Fakat gelinen yerde işçi ve emekçiler bunların yalan olduğunu gördüler ve bu politikalara karşı büyük bir hoşnutsuzluk gelişiyor. Emekçiler, “neden hep biz feragat ediyoruz” sorusunu sendikalarına sormaya başladılar. Tabanın baskısıyla 2006 yılının ikinci yarısından sonra eylemler başladı. Örneğin IG Metall ve ver.di sendikaları Federal İşyeri Teşkilat Yasası’nın sermayenin lehine değiştirilmesine ve emeklilik yaşının 67’ye çıkartılmasına karşı eylemler ve grevler düzenlediler.
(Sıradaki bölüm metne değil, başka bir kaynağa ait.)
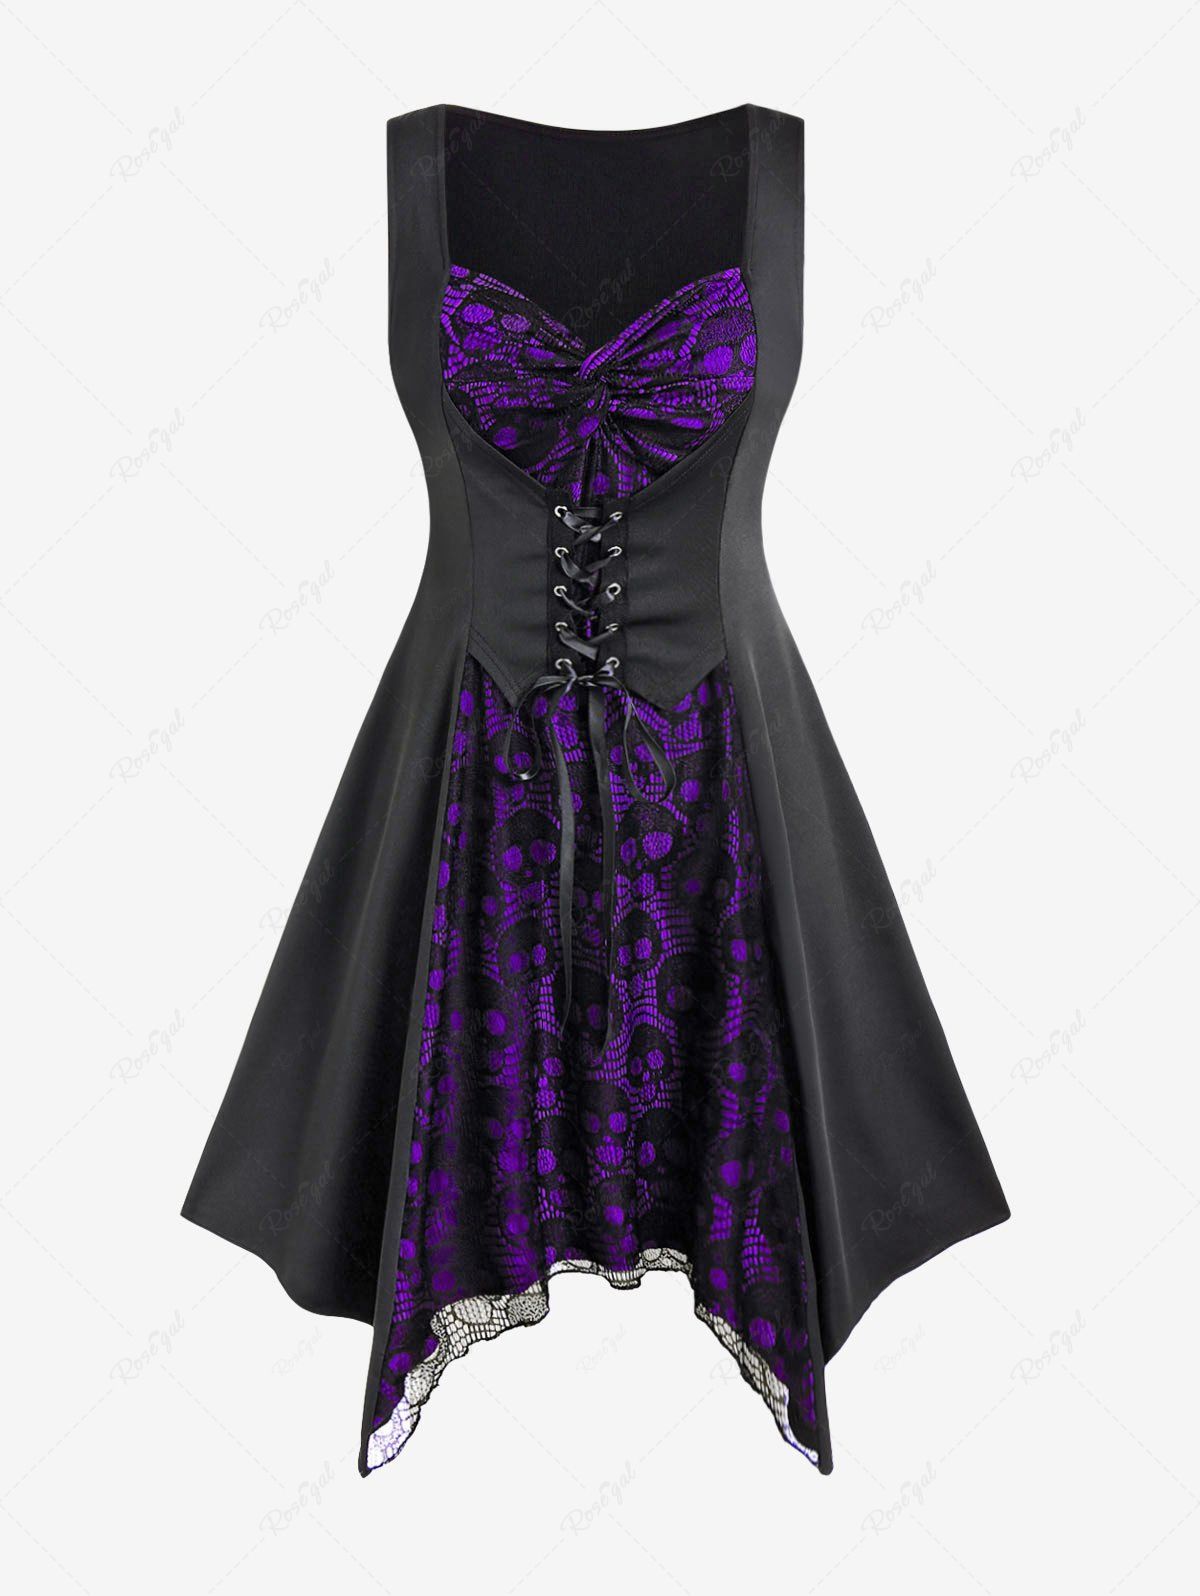 Fashion Gothic Skull Lace Overlay Lace-up Asymmetrical Sleeveless Midi Dress

Özellikle IG Metall eylemlerin çoğunu çalışma saatlerinde yaptı. Genelde bu tür eylemleri hafta sonu yapmayı tercih eden sendika yöneticileri fabrikalardaki baskı karşısında geri adım atmak zorunda kalmışlardı. 2007 ilkbaharında başlayan toplu sözleşme dönemleri de işçi ve emekçilerin uyarı eylemlerine yoğun katılımlarıyla gerçekleşti. Birkaç hafta içinde sadece metal işkolunda 500 binden fazla emekçi uyarı grevlerine katılmıştı. Ardından Telekom emekçilerinin süresiz grev kararı almalarını ve mücadele etmelerini yaşadık. Telekom emekçileri yenildiler ama direnerek yenildiler, bu da geçmiş yıllardan farklı ve emekçilerin genel mücadelesi açısından çok önemliydi.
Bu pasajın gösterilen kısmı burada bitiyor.